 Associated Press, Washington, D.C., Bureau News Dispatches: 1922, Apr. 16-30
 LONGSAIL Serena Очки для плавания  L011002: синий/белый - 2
- - - - - - -
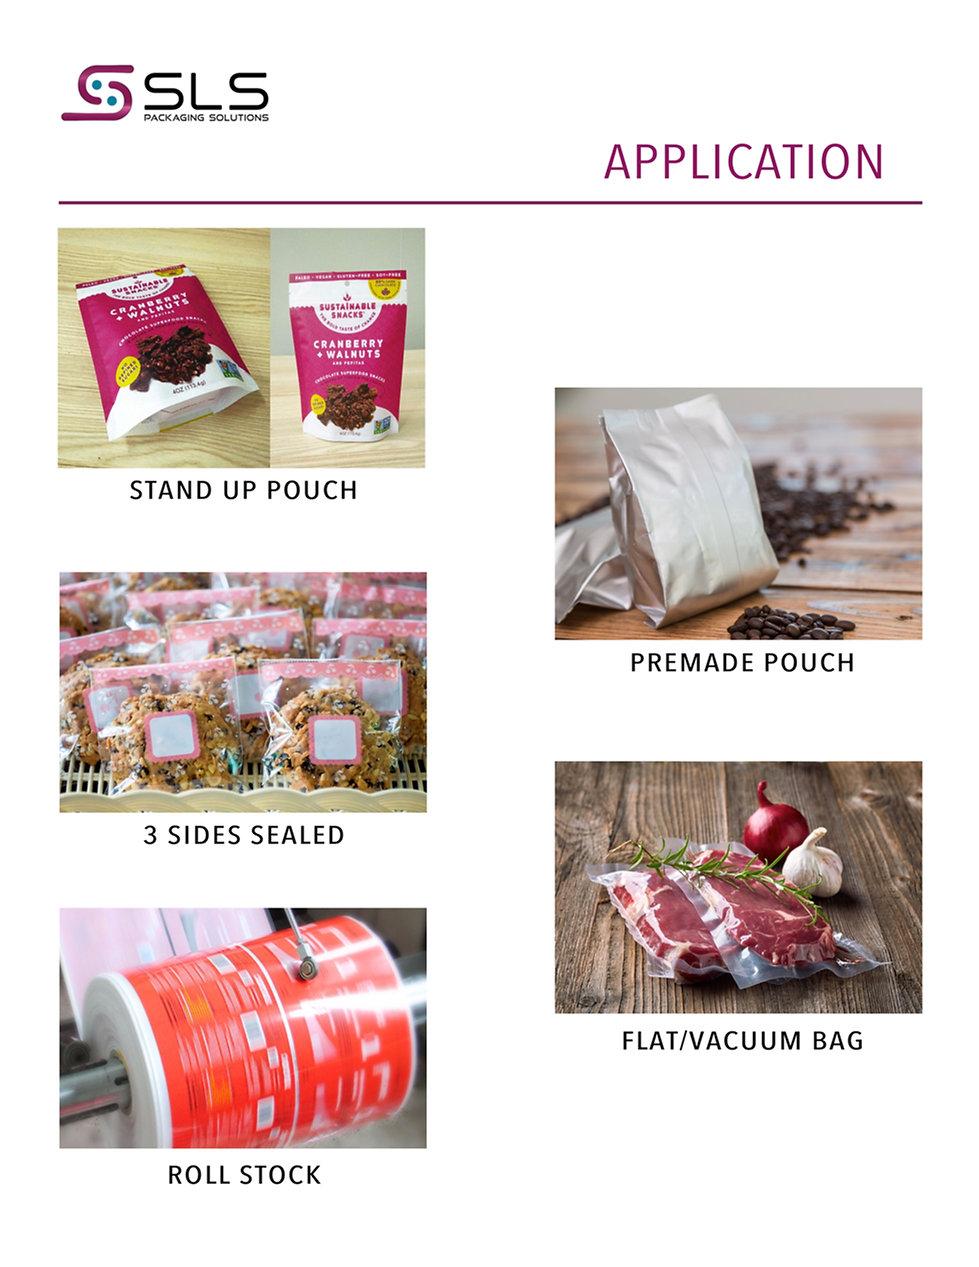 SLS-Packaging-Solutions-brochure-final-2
- - - - - - -
*What the task asks*: Your answer must be the lines above from the one containing "Associated Press, Washington, D.C., Bureau" to the one containing "LONGSAIL Serena Очки", both included, restated word for word.

*Task output*:
 Associated Press, Washington, D.C., Bureau News Dispatches: 1922, Apr. 16-30
 LONGSAIL Serena Очки для плавания  L011002: синий/белый - 2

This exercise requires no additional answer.